#### Activity
What you return should match the data below exactly, with no pictures in it.

#### Dataset section
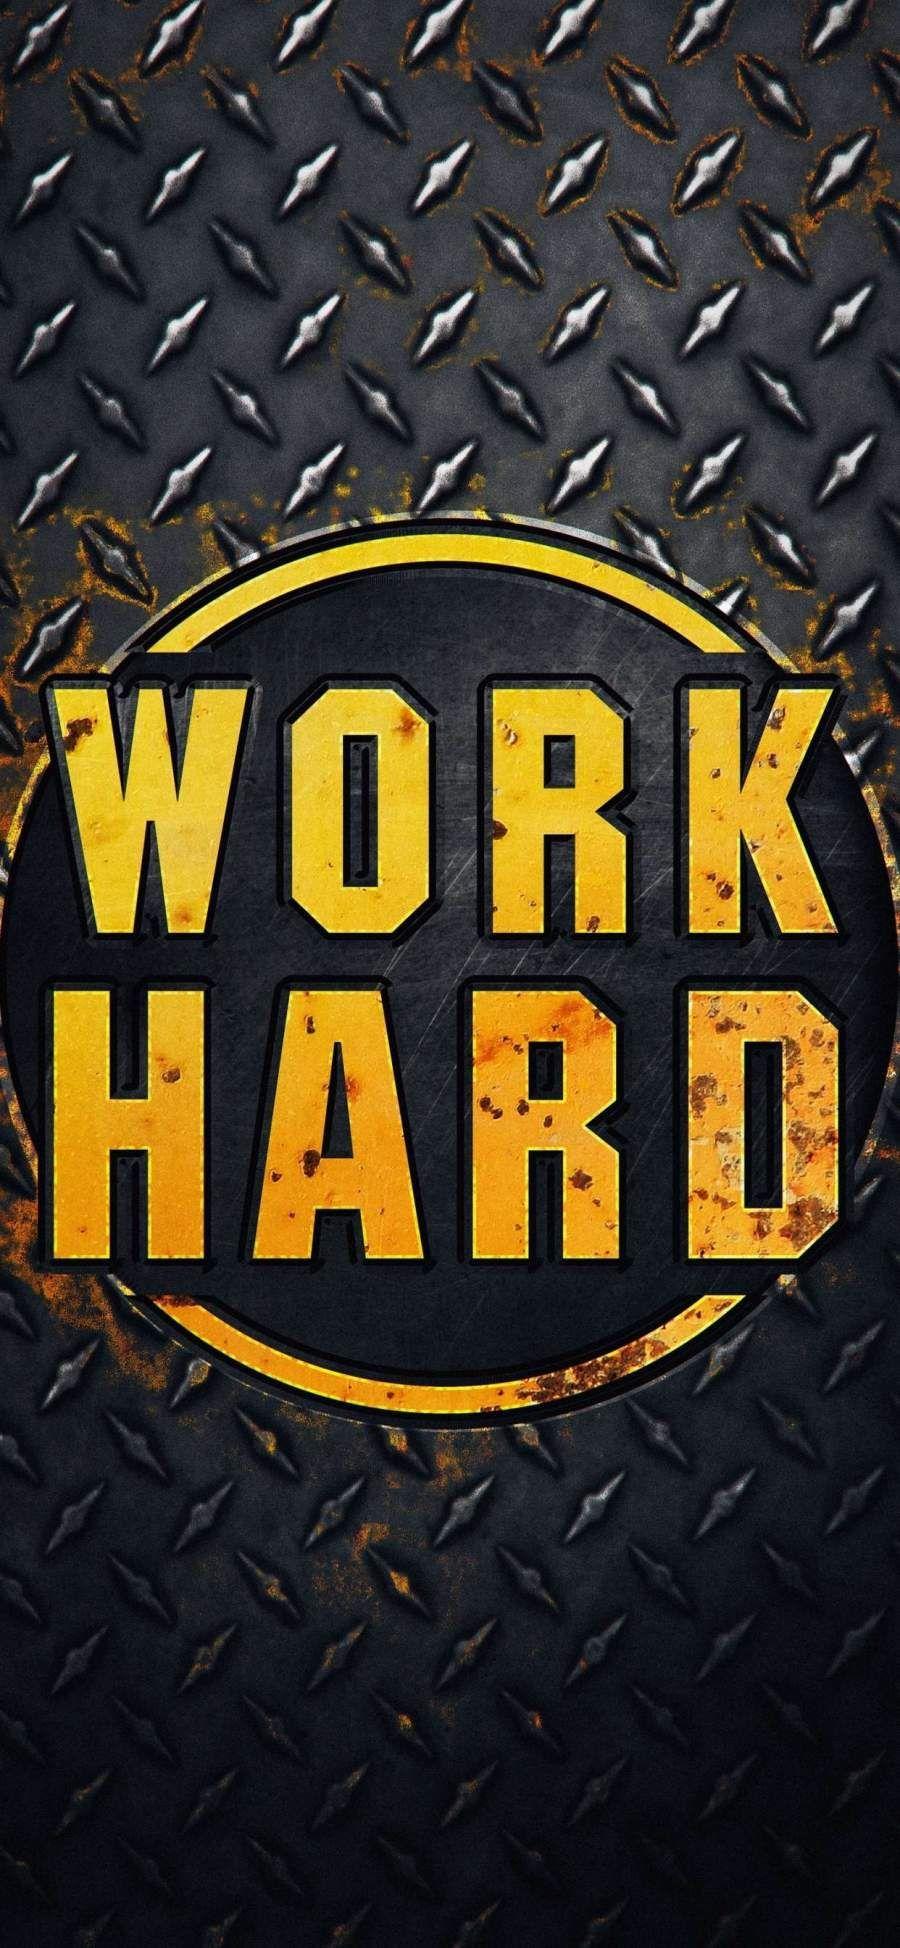 Motivation Work Hard Dream Big wall poster wallpaper 12 X 18 Inches
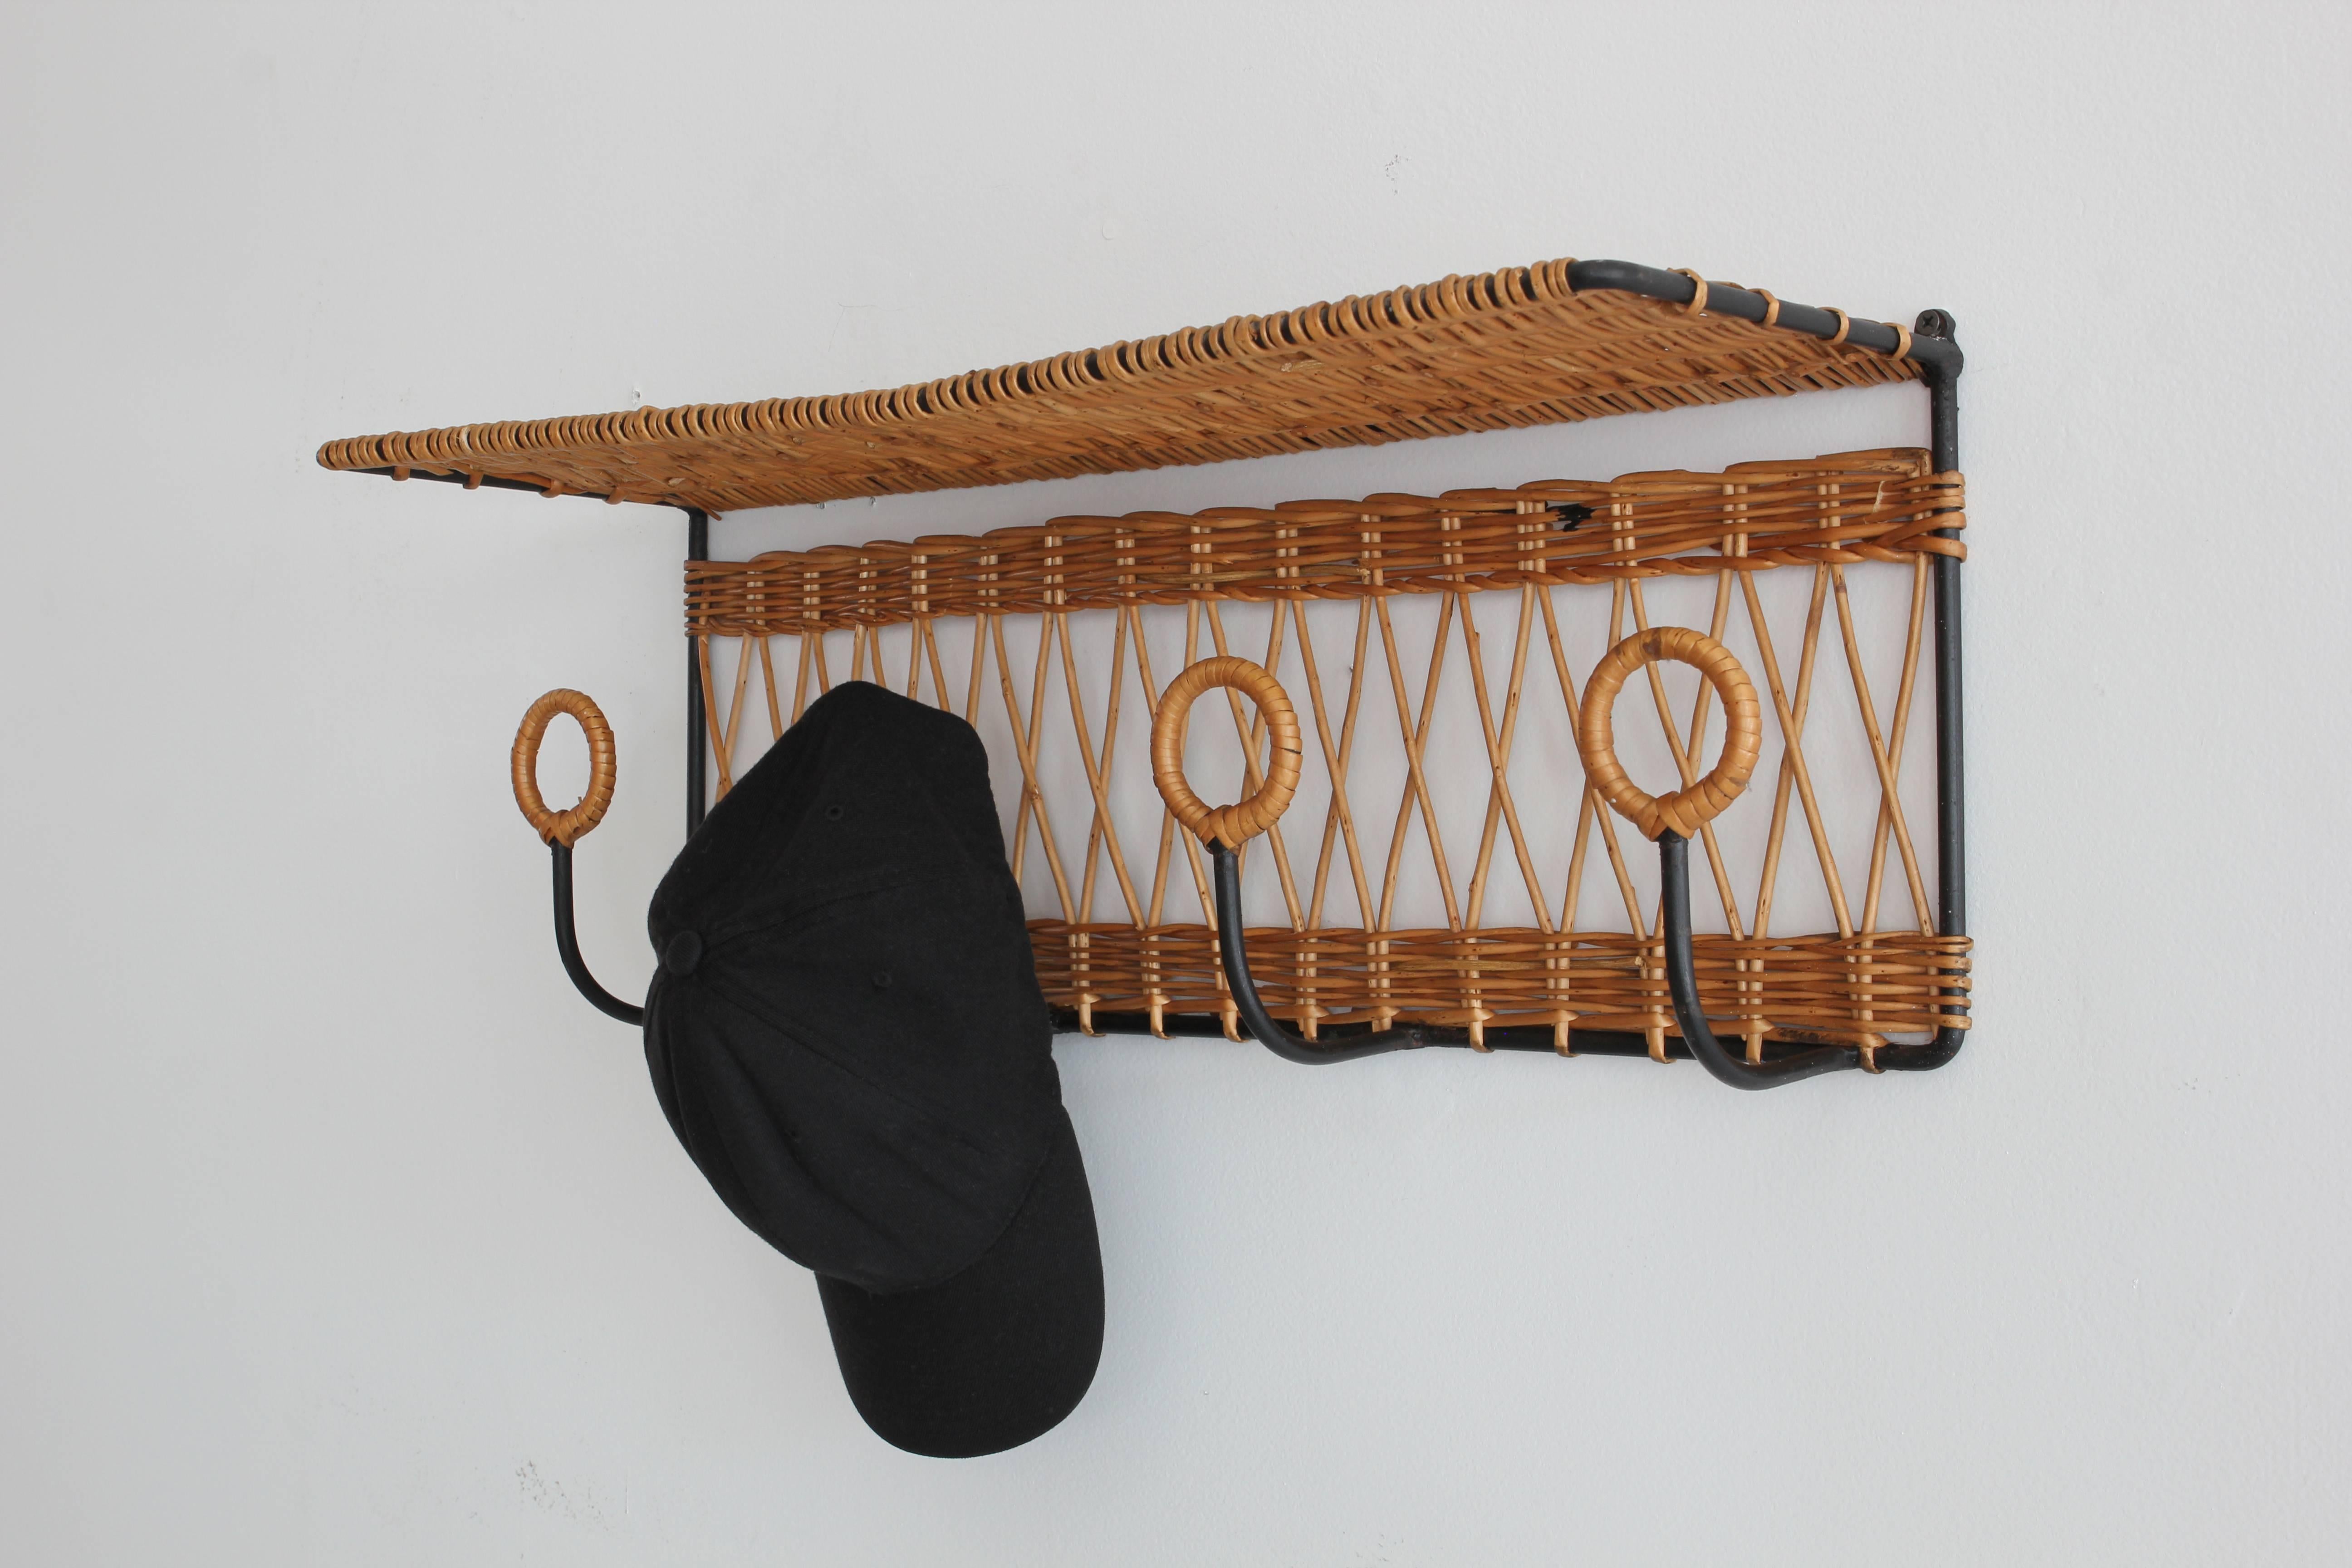 Beautiful iron shelf and set of four hooks for coats, hats, or bags in classic Adnet silhouette wrapped in wicker.
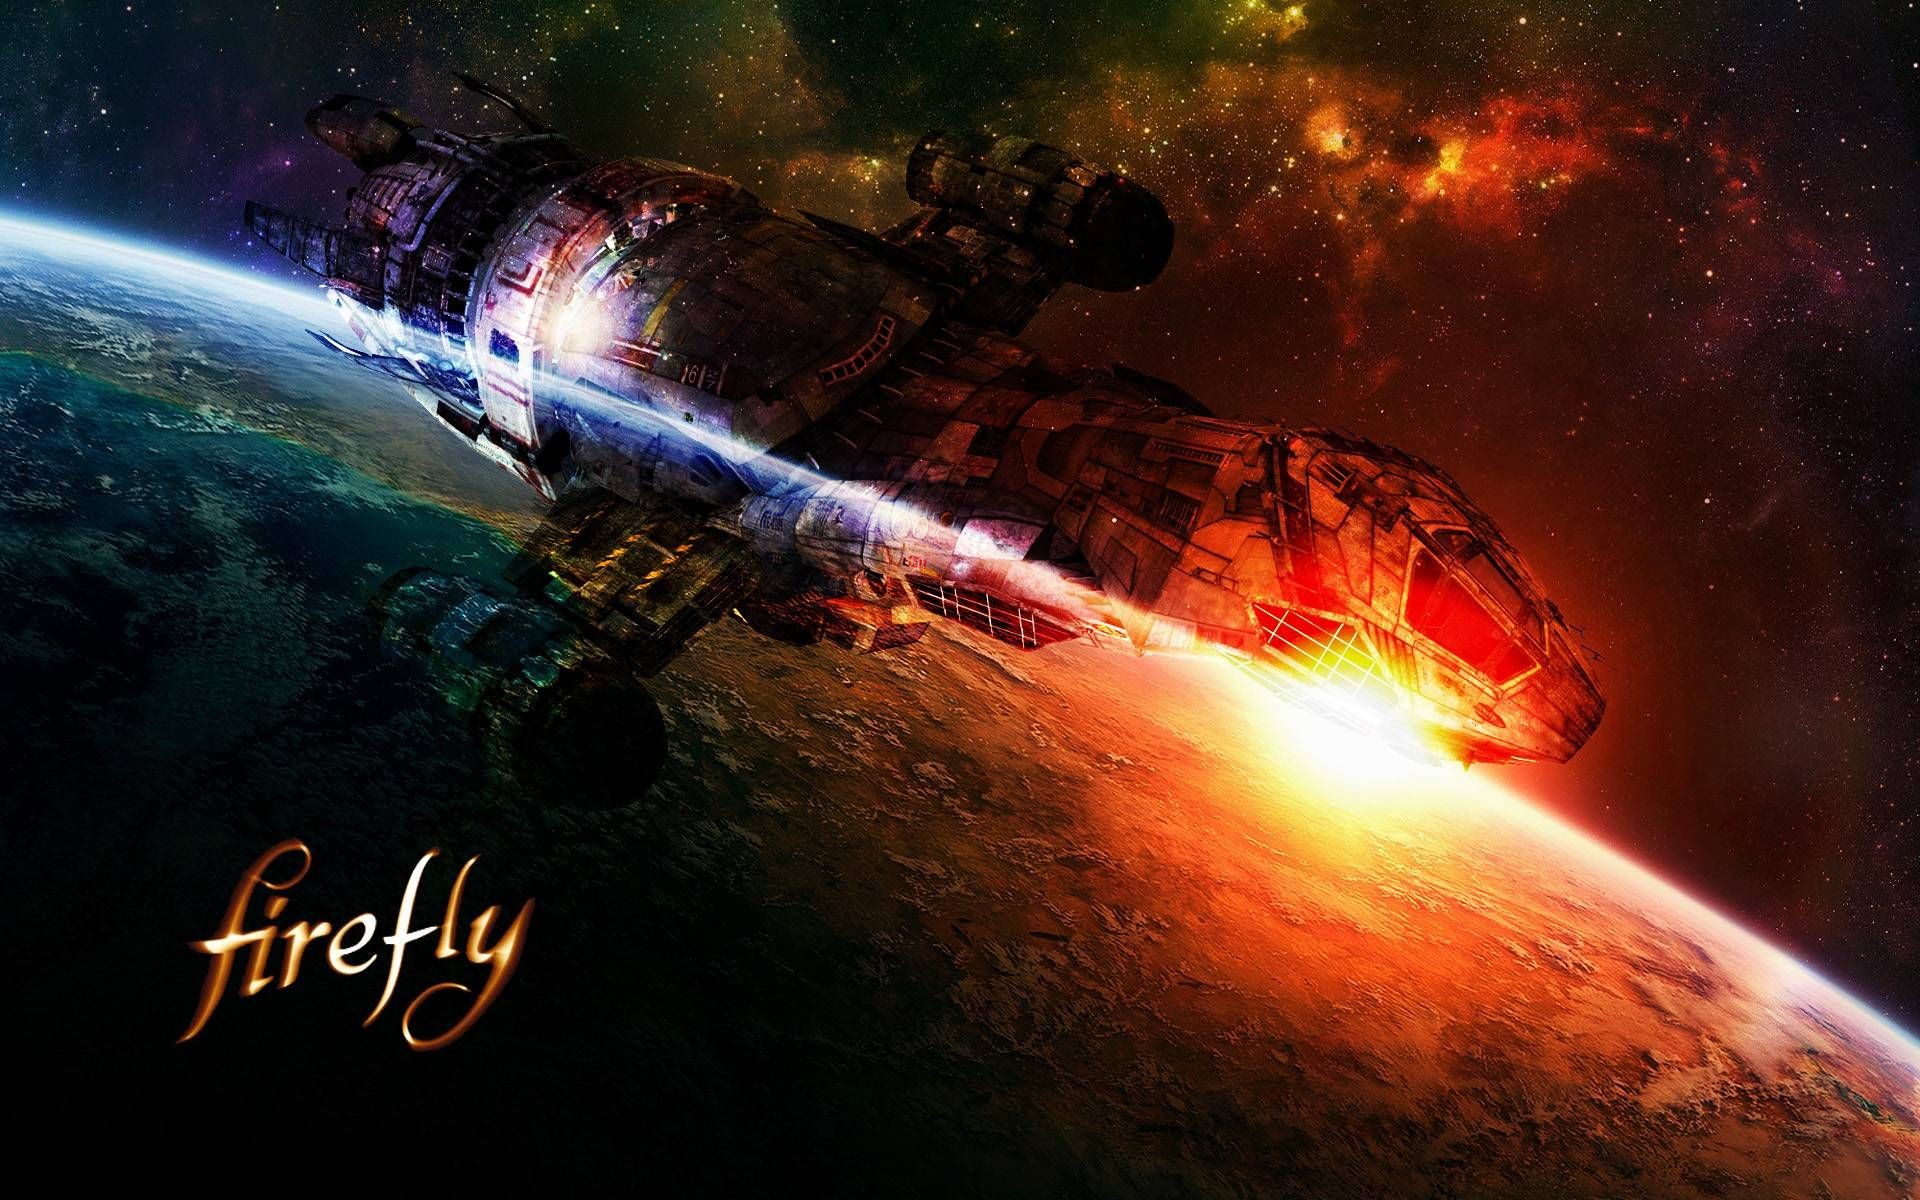 1920x1200 serenity firefly 1600x1200 wallpaper High Quality Wallpapers,High

#### Result of this task
 Motivation Work Hard Dream Big wall poster wallpaper 12 X 18 Inches
 Beautiful iron shelf and set of four hooks for coats, hats, or bags in classic Adnet silhouette wrapped in wicker.
 1920x1200 serenity firefly 1600x1200 wallpaper High Quality Wallpapers,High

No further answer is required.